Handoff complete per v3-phase-14-s8-p15-handoff.md, aligned to canonical v3-phase-15-product-plan.md §4. Every P14 residual product gap has a named P15 track and a concrete first-proof gate:

  • T1 Frontend + Data Path Contract (includes subprocess heartbeat ingress)
  • T2 CSI / External Lifecycle Surface
  • T3 External Control API
  • T4 Security And Auth Posture
  • T5 Diagnostics And Explainability
  • T6 Operator Workflow
  • T7 V2/V3 Coexistence And Migration
  • T8 Deployment / Upgrade / Release Hardening
  • Final Gate — Cluster Validation Agent

7. Final P14 Claim

P14 has closed one bounded single-active-master internal topology/control-plane truth loop for the accepted topology set. Observation is system-fed; authority is durable, single-owner, and restart-recovered; convergence has bounded fate; the real VolumeBridge → adapter route re-anchors across restart without backward mint or old-slot revival.

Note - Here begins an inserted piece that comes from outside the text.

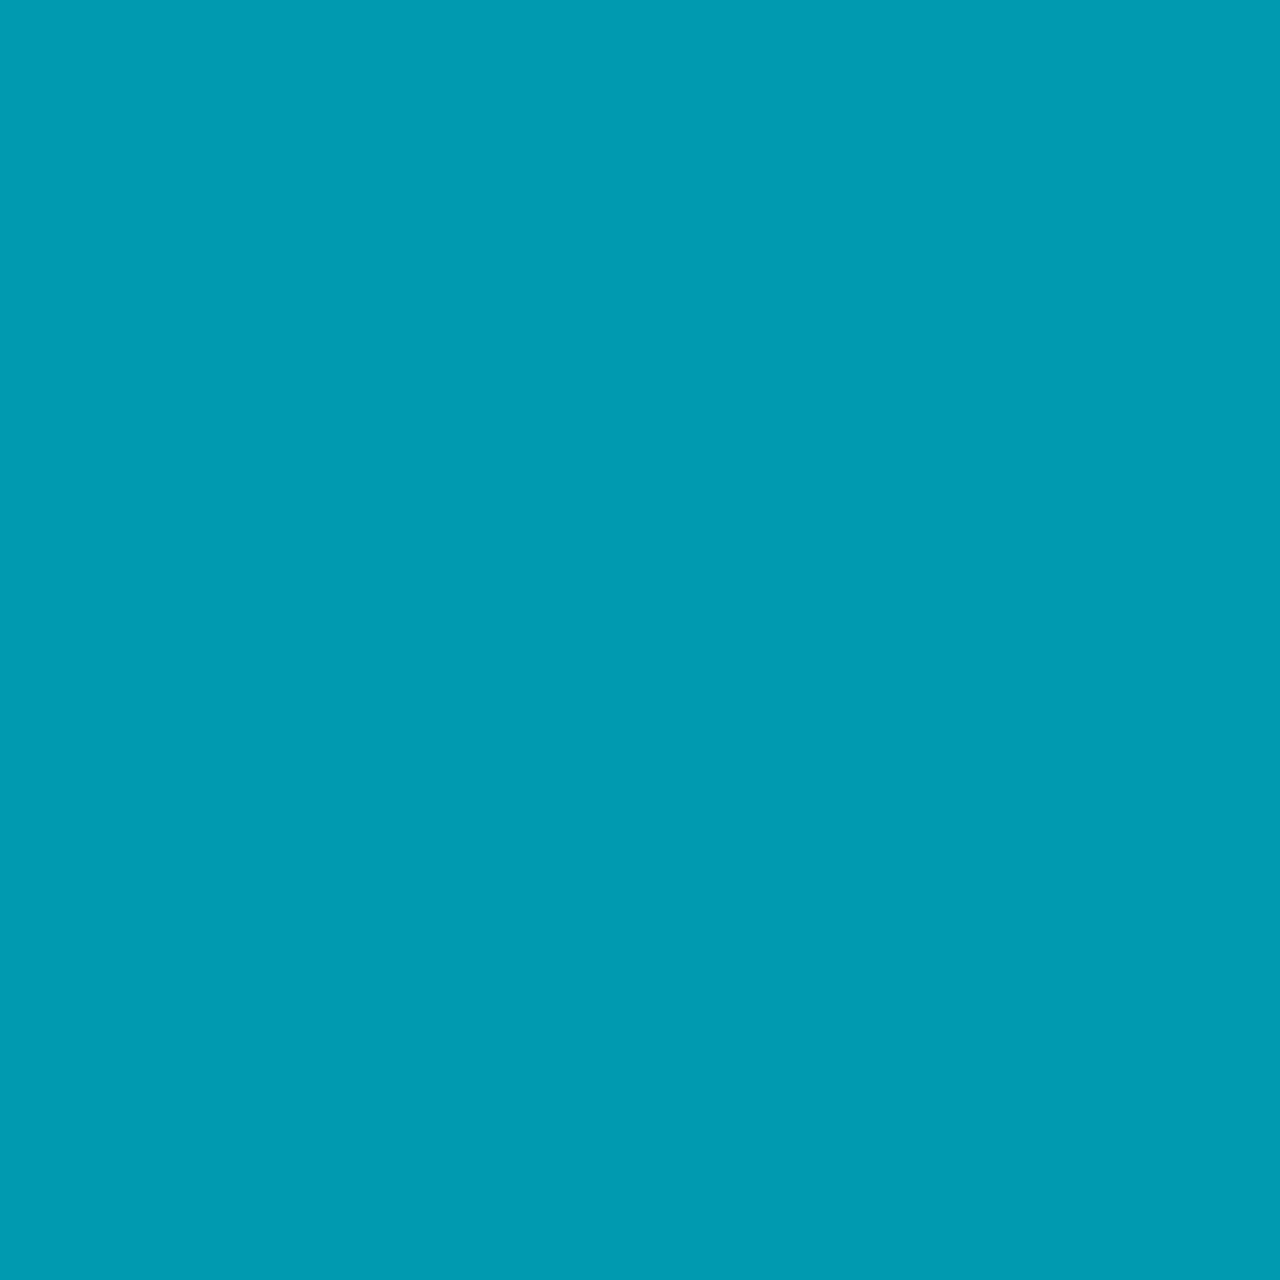 "#0370 Rosco Gels Roscolux Italian Blue, 20x24"""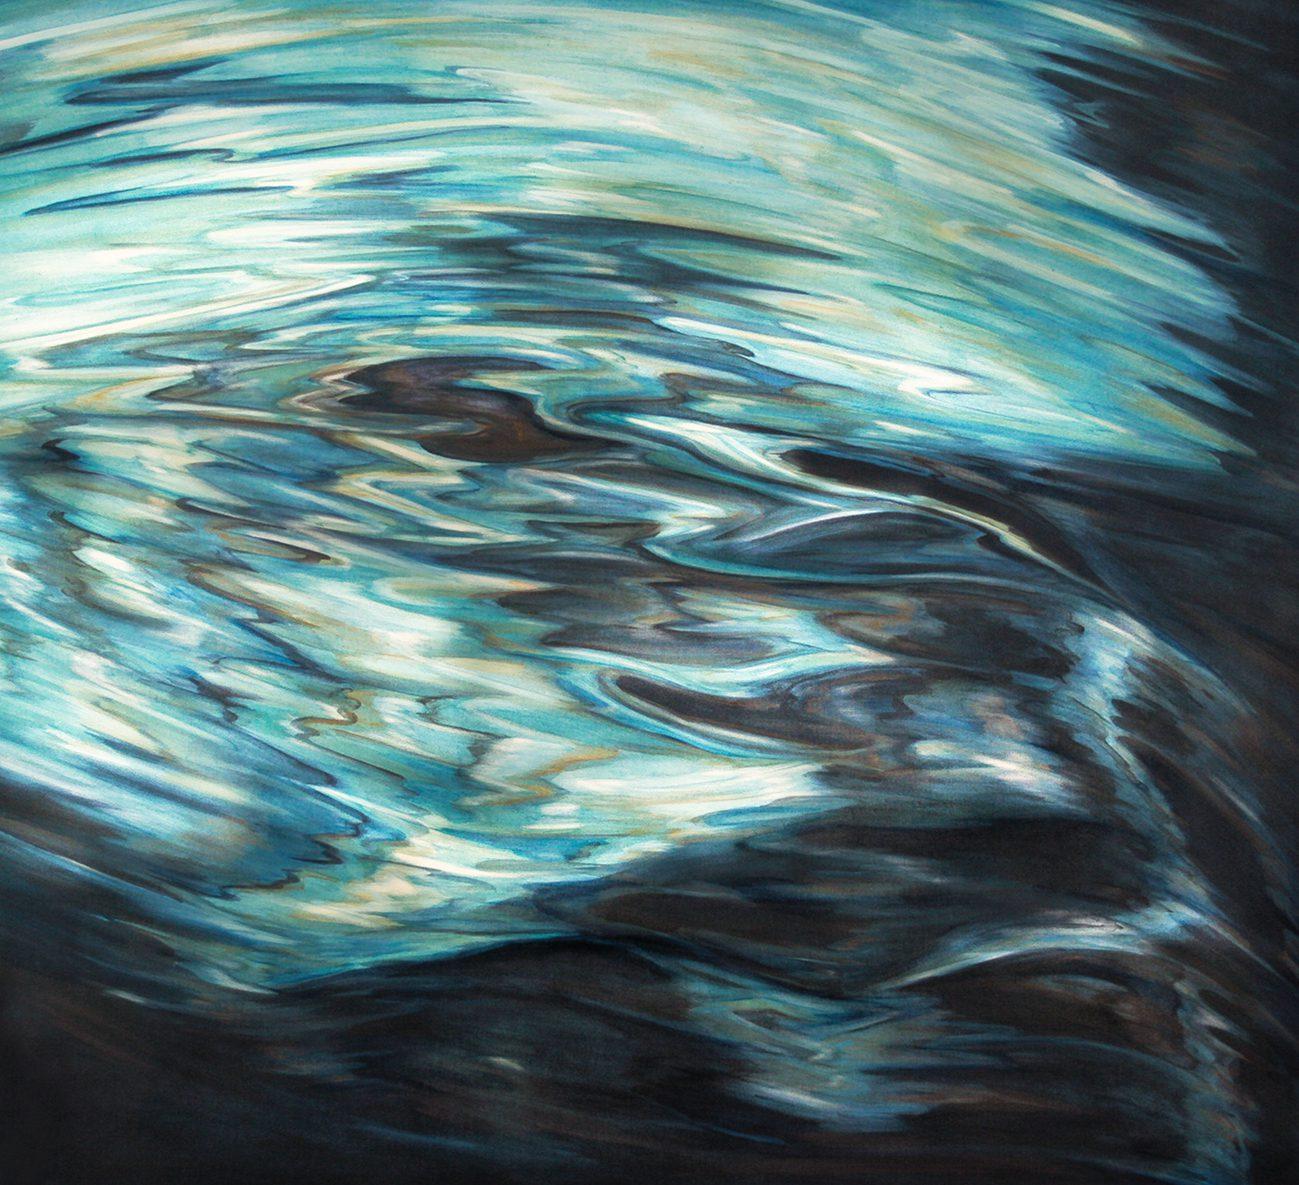 L'Arno 5, 2013. Oil on canvas, 93 x 83 cm

P14 has NOT closed CSI, external API, frontend data path, migration, security, deployment, performance, or production readiness. Those nine tracks are handed off to P15 with concrete first-proof gates. Multi-master, V2 HandleAssignment/promote/demote semantics, and heartbeat-as-authority are explicit non-goals — not deferrals.

8. Sign-off State

  • Architect — pending review of this matrix + handoff.
  • Tester — pending reproducibility check (commands in §4).
  • 14A final targeted pass — pending (scope in v3-phase-14a-checklist.md).

S8 cannot be accepted until all three sign off. After that, P14 is closed and the next active work is P15 T1 Frontend.